Implement `train_xgboost`.

In [16]:
import xgboost as xgb

def train_xgboost(X_train, y_train, n_estimators=100, learning_rate=0.1, max_depth=5, random_state=42):
    model = xgb.XGBClassifier(
    n_estimators=n_estimators,
    learning_rate=learning_rate,
    max_depth=max_depth,
    random_state=random_state,
    use_label_encoder=False,
    eval_metric="logloss"
)
    model.fit(X_train, y_train)

    return model

## 7. Model Comparison

Calculate and compare AUC scores for both models.

In [17]:
def model_compare (rf_model, xgb_model, X_test, y_test):
    rf_auc = roc_auc_score(y_test, rf_model.predict_proba(X_test)[:, 1])
    xgb_auc = roc_auc_score(y_test, xgb_model.predict_proba(X_test)[:, 1])
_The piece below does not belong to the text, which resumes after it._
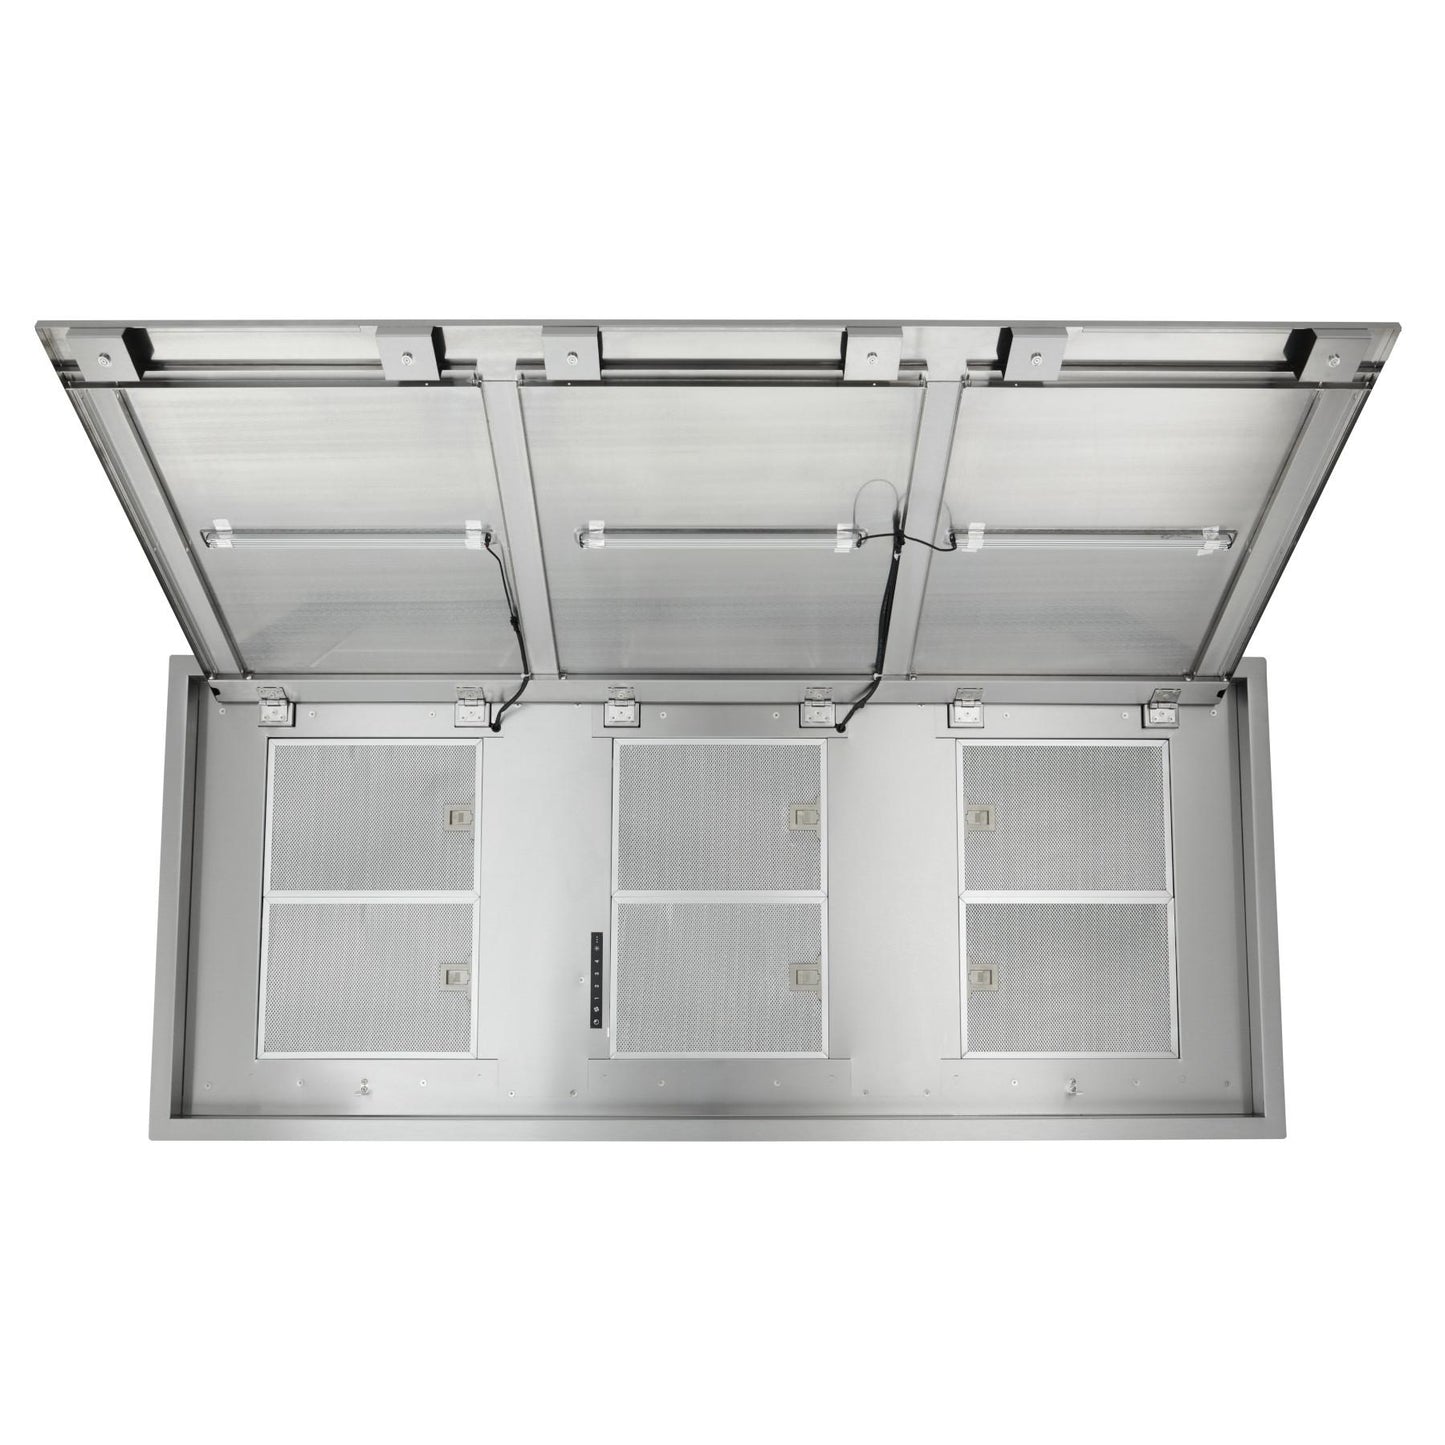 Best Range Hoods HBC163ESS 63-Inch Brushed Stainless Steel Ceiling Mounted Range Hood With Led Light, Choice Of Blowers Sold Separately (Hbc1 Series)

    print(f"Random Forest AUC: {rf_auc:.4f}")
    print(f"XGBoost AUC: {xgb_auc:.4f}")

    return {"rf_auc": rf_auc, "xgb_auc": xgb_auc}

## 8. Save Results

Save the AUC scores to a text file.

In [19]:
def save_results(metrics):
    os.makedirs("results", exist_ok=True)

    result_str = "\n".join([f"{k}: {v:.4f}" for k, v in metrics.items()]) + "\n"

    with open("results/results_part2.txt", "w") as f:
        f.write(result_str)


## 9. Main Execution

Run the complete workflow.

In [20]:
# Main execution
if __name__ == "__main__":
    # 1. Load data
    data_file = 'data/synthetic_health_data.csv'
    df = load_data(data_file)
    
    # 2. Extract rolling features
    window_size = 300  # 5 minutes in seconds
    df_with_features = extract_rolling_features(df, window_size)
    
    # 3. Prepare data
    X_train, X_test, y_train, y_test = prepare_data_part2(df_with_features)
    
    # 4. Train models
    rf_model = train_random_forest(X_train, y_train)
    xgb_model = train_xgboost(X_train, y_train)
    
    # 5. Compare model performance
    metrics = model_compare(rf_model, xgb_model, X_test, y_test)
    
    # 6. Save results
    save_results(metrics)


The behavior will change in pandas 3.0. This inplace method will never work because the intermediate object on which we are setting values always behaves as a copy.

For example, when doing 'df[col].method(value, inplace=True)', try using 'df.method({col: value}, inplace=True)' or df[col] = df[col].method(value) instead, to perform the operation inplace on the original object.


  df["hr_rolling_mean"].fillna(method="bfill", inplace=True)
  df["hr_rolling_mean"].fillna(method="bfill", inplace=True)
The behavior will change in pandas 3.0. This inplace method will never work because the intermediate object on which we are setting values always behaves as a copy.

For example, when doing 'df[col].method(value, inplace=True)', try using 'df.method({col: value}, inplace=True)' or df[col] = df[col].method(value) instead, to perform the operation inplace on the original object.


  df["hr_rolling_mean"].fillna(method="ffill", inplace=True)
  df["hr_rolling_mean"].fillna(method="ffill", inplac

Random Forest AUC: 0.7808
XGBoost AUC: 0.7686


Parameters: { "use_label_encoder" } are not used.